Course Description:
This introductory fifteen-week, two-credit course is designed to prepare students for more advanced studies in ethics in their respective field or profession. Through common readings and active learning centered on a semester-long individually-designed project in the context of that reading, this course exposes students to some of the basic categories and frameworks that ethicists use and provides opportunities for students to pursue their own curiosity regarding ethics as academic subject matter, whether in terms of practical contemporary ethical issues or abstract analysis and articulation of ethical assumptions, theories, and decision-making processes. It aims more than anything to help students think and communicate about ethical problems in a well-reasoned and critical manner, and to prepare them for further studies of ethics.

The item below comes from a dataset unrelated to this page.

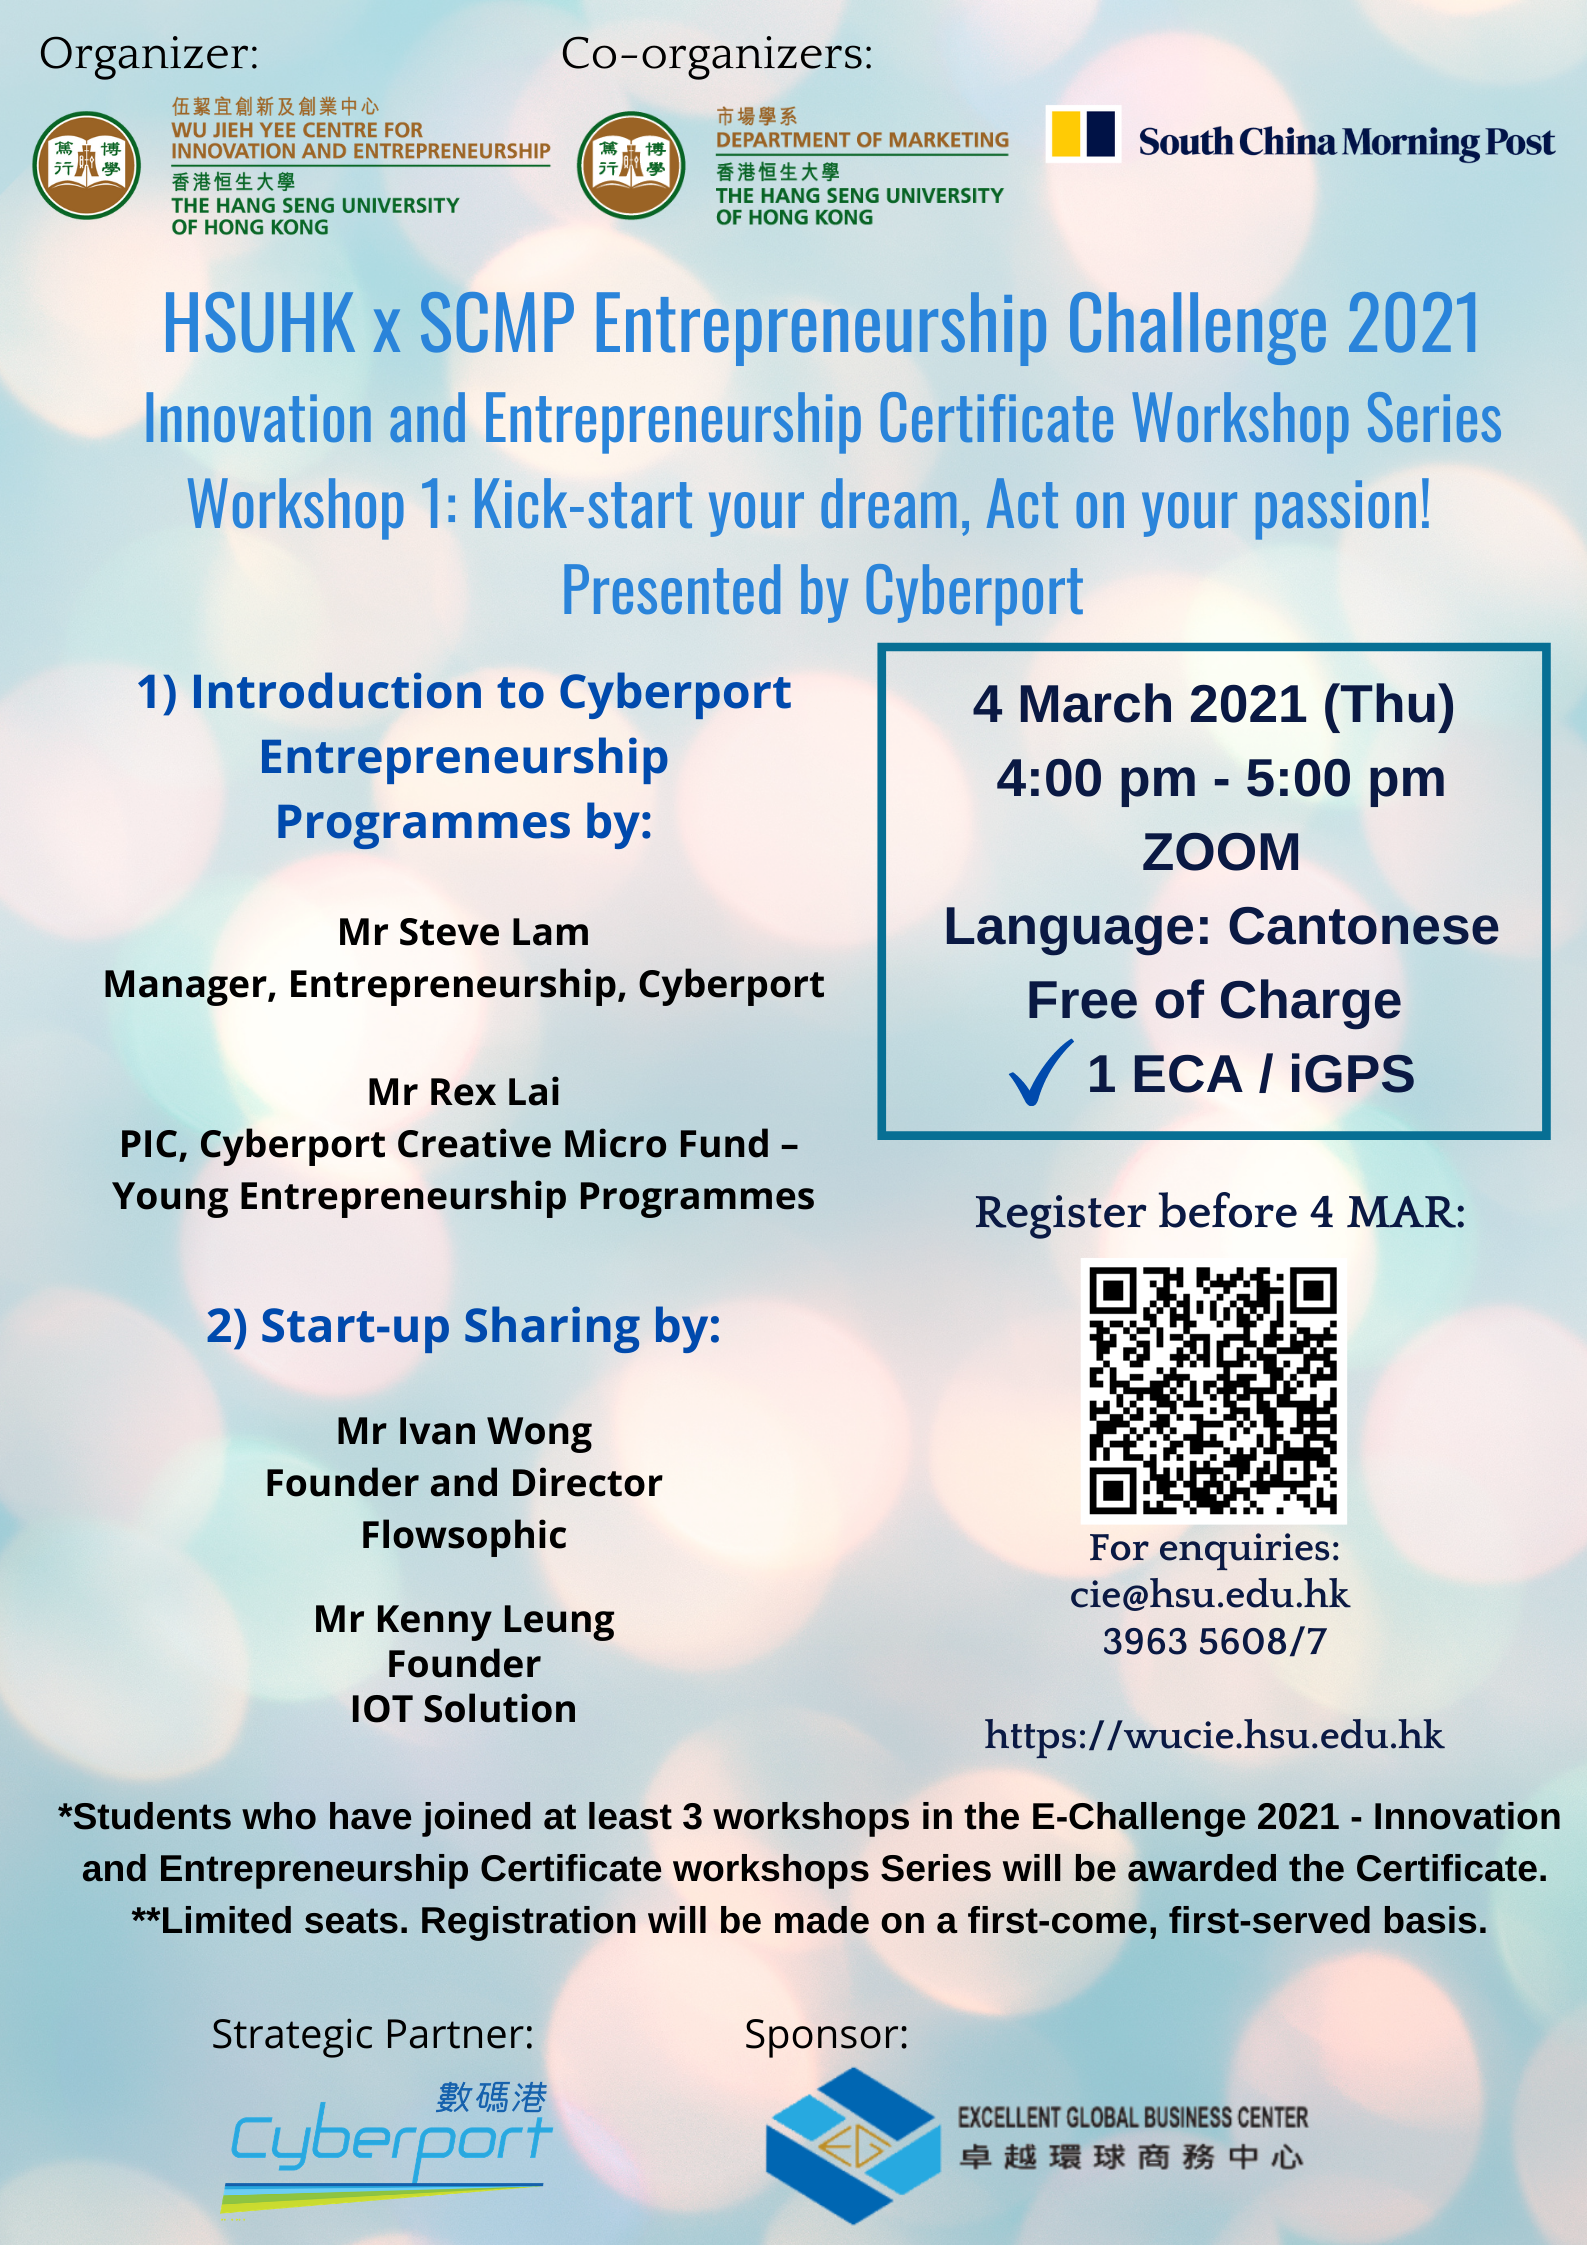 Ver.2 Draft Poster - E-Challenge 2021 - Cyberport Training workshop (4 Mar 2021)

Students will learn to identify when and where ethical claims or assumptions are being made in texts and discussions, explicitly and implicitly. Students will learn to identify where ethical claims or ethical assumptions are supported (or not) by reasoned arguments, to supply their own reasoned arguments, and in many cases to provide a well-reasoned counter-argument to any given ethical argument. Finally, students will learn to describe in their own words examples of the kinds of questions that ethicists might ask, some of the fundamental issues that arise in ethical decision-making, and connections between ethics and other areas such as politics, culture, or civic engagement.
NOTE: Students should not take both the 4-credit and the 2-credit courses titled Introduction to Ethics as these overlap. Students who do not plan to continue with any further studies of ethics are encouraged to consider taking the 4-credit Introduction to Ethics course instead of this one.
This course partially meets the General Education requirement in Humanities.